Никто его не задерживал. Дочь не возражала. Она стояла в кабинете главной сестры тише воды ниже травы, сохраняя серьезный вид, но слегка улыбаясь, словно радуясь всей этой суете и напористой энергичности своего отца. Полиция не могла помешать ее отъезду и, кажется, не пыталась этого сделать. Странно, подумалось мисс Тейлор, что никто всерьез не подозревал Харпер; и если обе смерти были делом рук одного человека, то интуиция их не подвела. Последний раз она видела Дайан, когда та, в новой шубе, из-под которой выглядывали тонкие ножки, — шубу отец купил в качестве компенсации за прерванное обучение, — садилась в огромную уродливую отцовскую машину и, оглянувшись с видом кинозвезды, снисходительно взирающей на собравшихся поклонников, помахала рукой своим однокашницам. Да, не очень-то привлекательная семейка: мисс Тейлор посочувствовала бы любому, кто оказался в их власти. Но — таковы уж капризы человеческой природы — Дайан Харпер была знающей свое дело медсестрой, во многих отношениях лучшей медсестрой, чем Пирс.

Оставался еще один вопрос, который обязательно надо было задать, и она не сразу собралась с духом спросить.

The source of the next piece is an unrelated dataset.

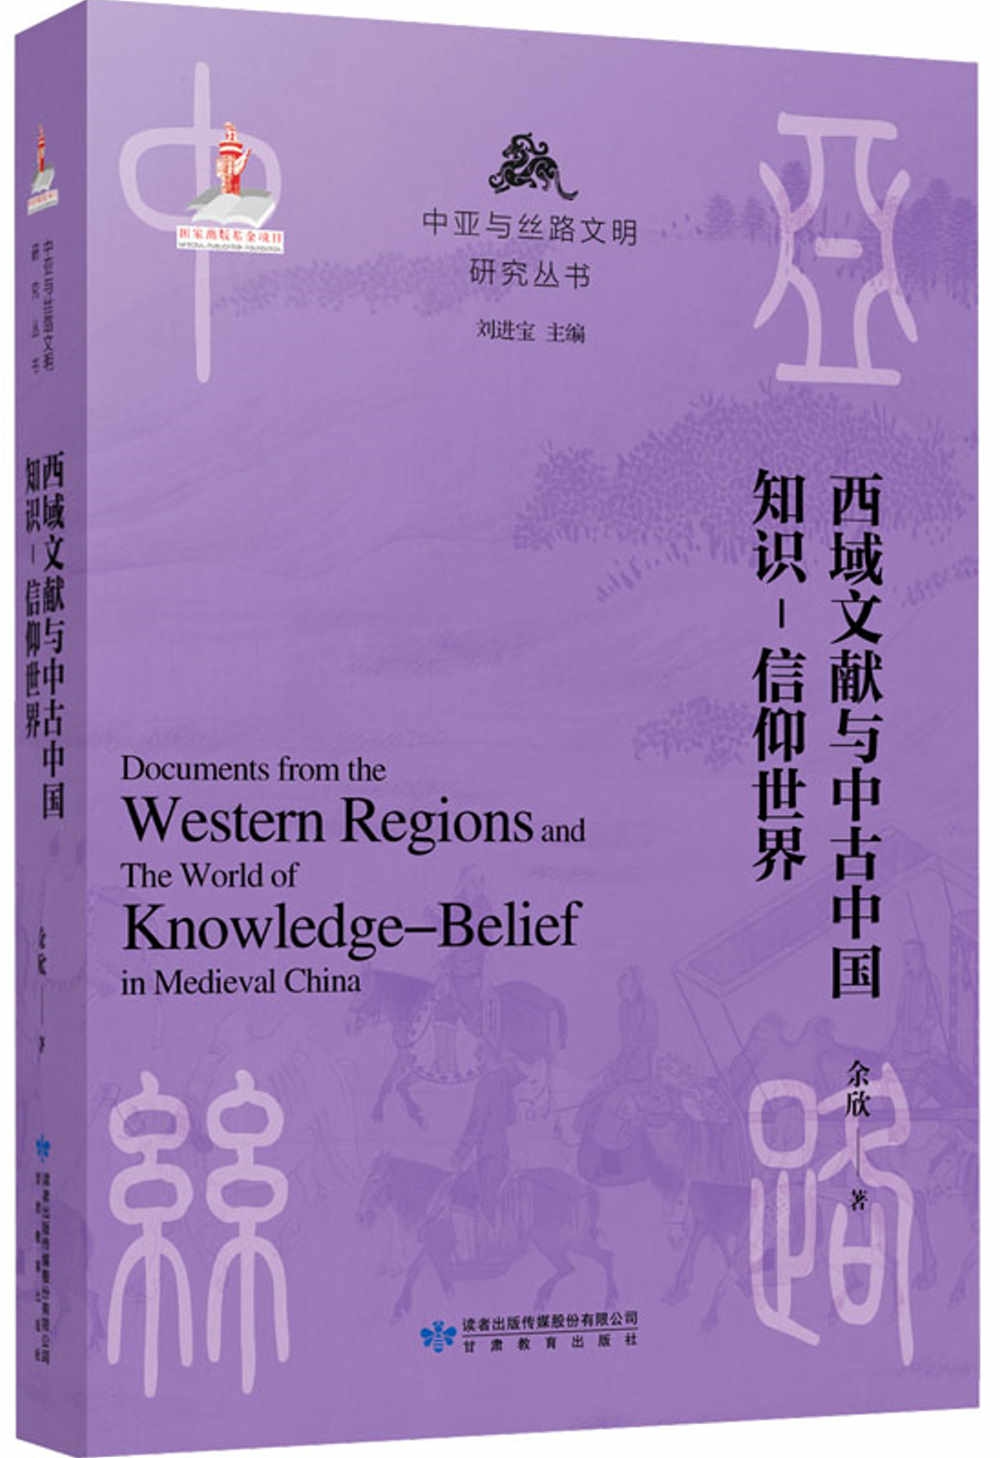 西域文獻與中古中國知識-信仰世界

— Фаллон знала об этой истории?

Немного удивленно, но уверенно девушка ответила сразу:

— Нет-нет, мэм! По крайней мере, я так не думаю. Пирс поклялась, что не расскажет ни единой живой душе, и не похоже, чтобы она особенно дружила с Фаллон. Я уверена, она ничего не рассказала Фаллон.

— Да, — сказала мисс Тейлор, — я тоже думаю, что не рассказала.

Она ласково приподняла голову Дэйкерс и поправила подушки.

— А теперь постарайтесь заснуть. Вы почувствуете себя гораздо лучше, когда проснетесь. И старайтесь не волноваться.

Лицо девушки разгладилось. Она улыбнулась главной сестре и, подняв руку, слегка коснулась ее лица. Потом уютно зарылась в простыни, словно твердо решив заснуть. Итак, все в порядке. Ну конечно же. Это всегда срабатывало. Как легко и приятно раздавать советы и утешение, сдабривая каждую порцию по вкусу каждого отдельного человека, и тем самым возвышаться в собственных глазах! Она могла бы быть женой приходского священника времен королевы Виктории и руководить раздачей похлебки в столовой для бедных. Каждому по потребностям. В больнице это происходило каждый день. Профессионально-бодрый голос палатной сестры: «А вот главная сестра пришла навестить нас, миссис Кокс. Боюсь, сестра, что миссис Кокс чувствует себя сегодня не очень хорошо». Усталое, изможденное болезнью лицо, храбро улыбающееся ей с подушки, рот, жаждущий своей порции любви и утешения. Старшие сестры, идущие к ней со своими проблемами, вечными, неразрешимыми проблемами, касающимися работы и несовместимости характеров.

«Вам теперь легче, сестра?» «Да, мэм, спасибо. Намного легче».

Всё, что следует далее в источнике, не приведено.